Answer:
The velocity of the struck billiard ball after collision is 2.41 m/s at an angle of 62.8⁰.
Step-by-step explanation:
Given;
initial velocity of the billiard ball, u₁ = 5.3 m/s
initial velocity of the second ball, u₂ = 0
final velocity of the first ball, v₁ = 4.72 m/s at θ = 27.0°
final velocity of the second ball, v₂ = ?

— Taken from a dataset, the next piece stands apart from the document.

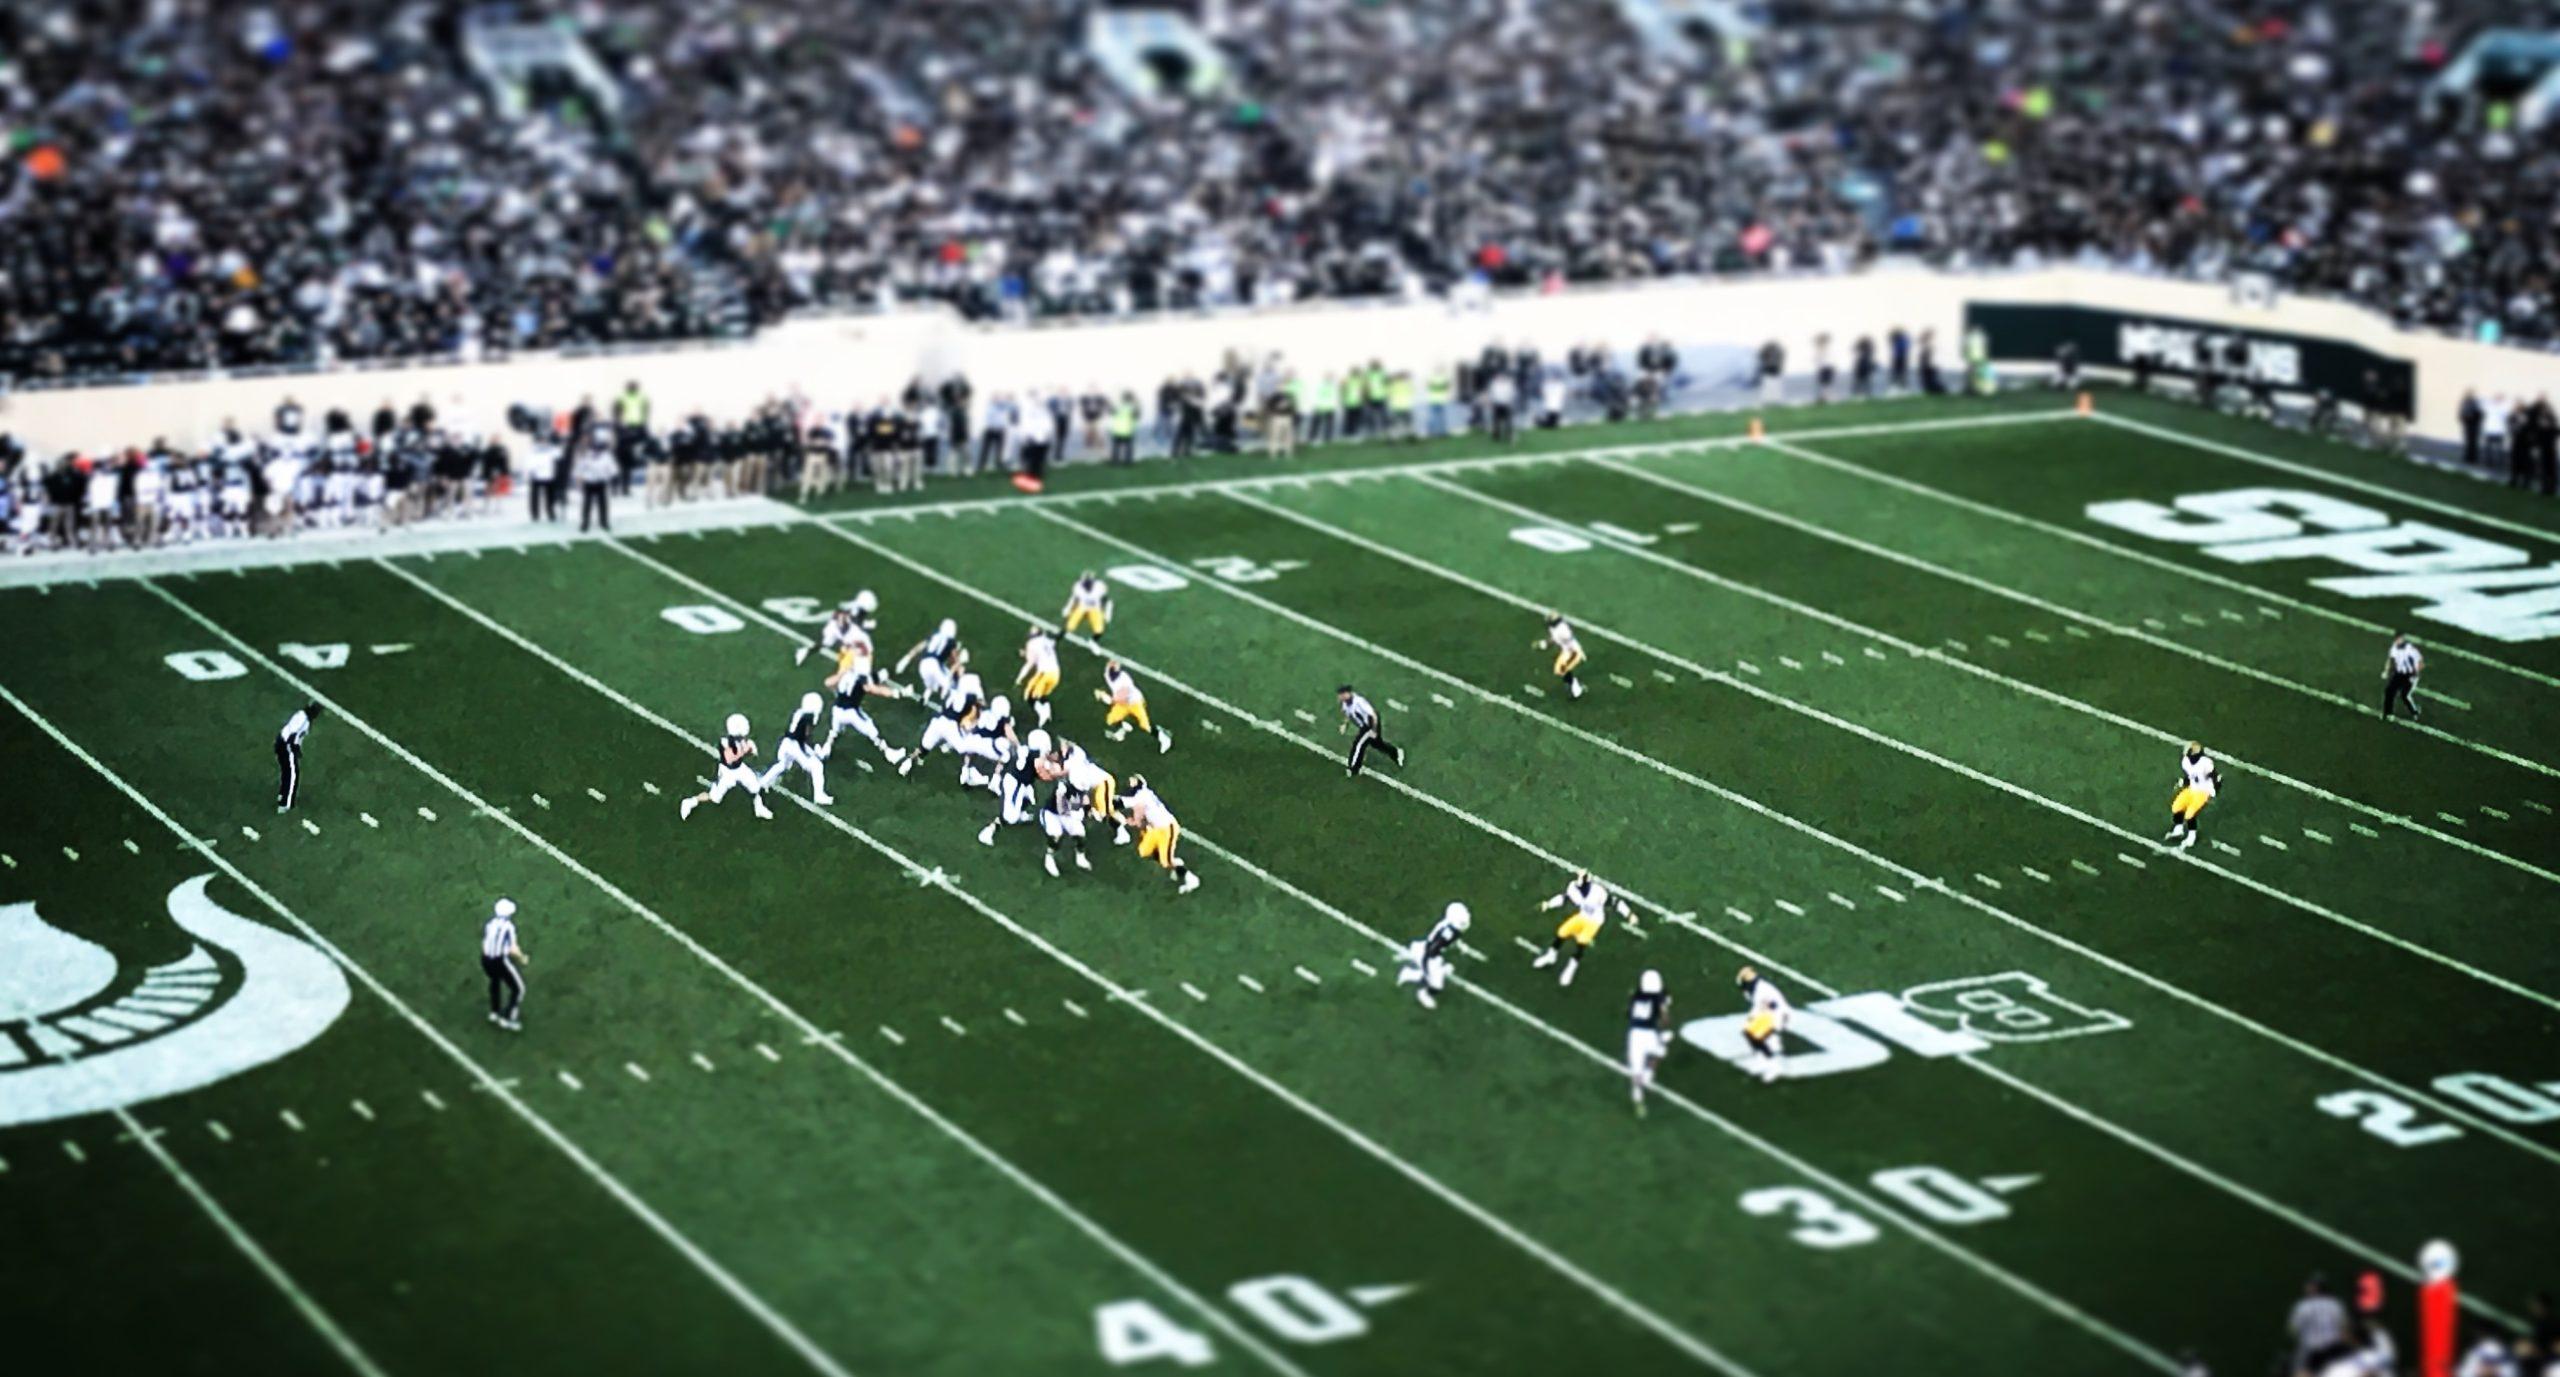 American football match played in a packed stadium.
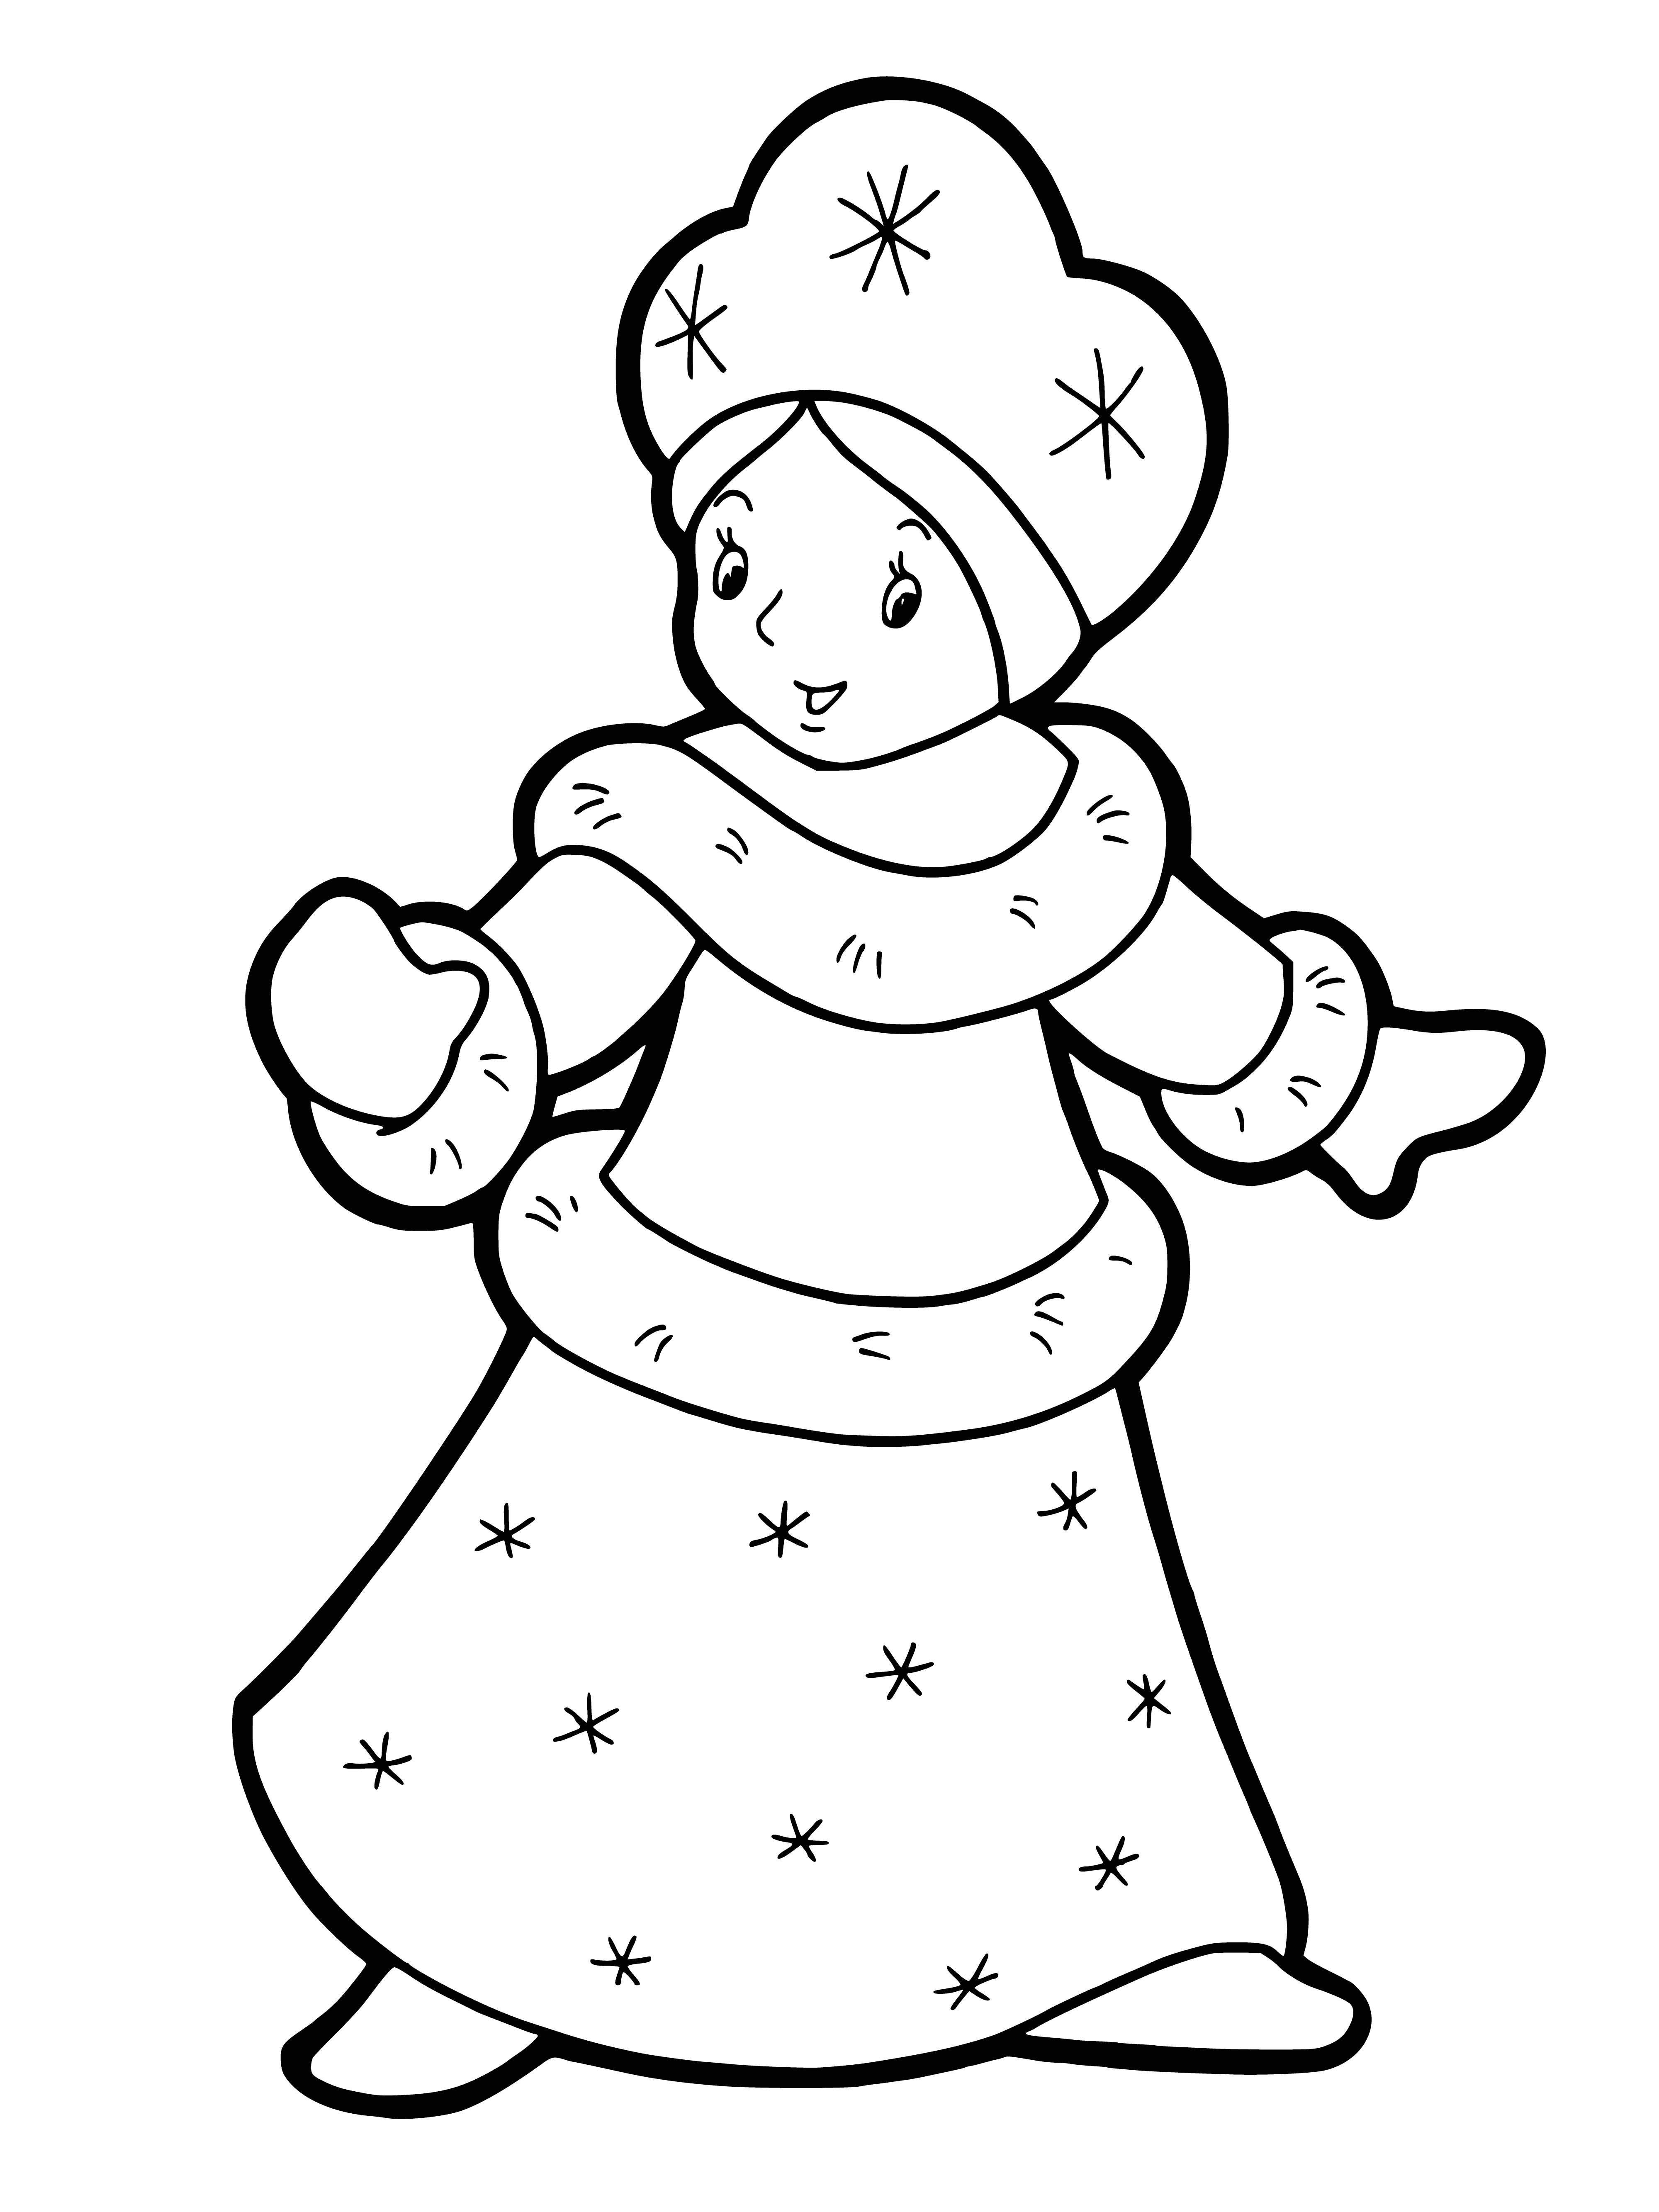 coloring page: Snow Maiden stands in snowy scene, white dress & scarf, long white hair with blue flowers. Arms outstretched in front of large tree.

Apply the principle of conservation of kinetic energy;
¹/₂m₁u₁² + ¹/₂m₂u₂² = ¹/₂m₁v₁² + ¹/₂m₂v₂²
m₁u₁² + m₂u₂² = m₁v₁² + m₂v₂²
m₁u₁² + m₂(0) = m₁v₁² + m₂v₂²
m₁u₁² = m₁v₁² + m₂v₂²
m₁ = m₂
u₁² = v₁² + v₂²
v₂² = u₁² - v₁²
v₂² = (5.3)² - (4.72)²
v₂² = 5.812
v₂ = √5.812
v₂ = 2.41 m/s
The direction of the second ball is given by;
v₂sinθ = v₁sin27
sinθ = (v₁sin27) / (v₂)
sinθ = (4.72 x 0.454) / (2.41)
sinθ = 0.8892
θ = sin⁻¹ (0.8892)
θ = 62.8⁰
Thus, the velocity of the struck billiard ball after collision is 2.41 m/s at an angle of 62.8⁰.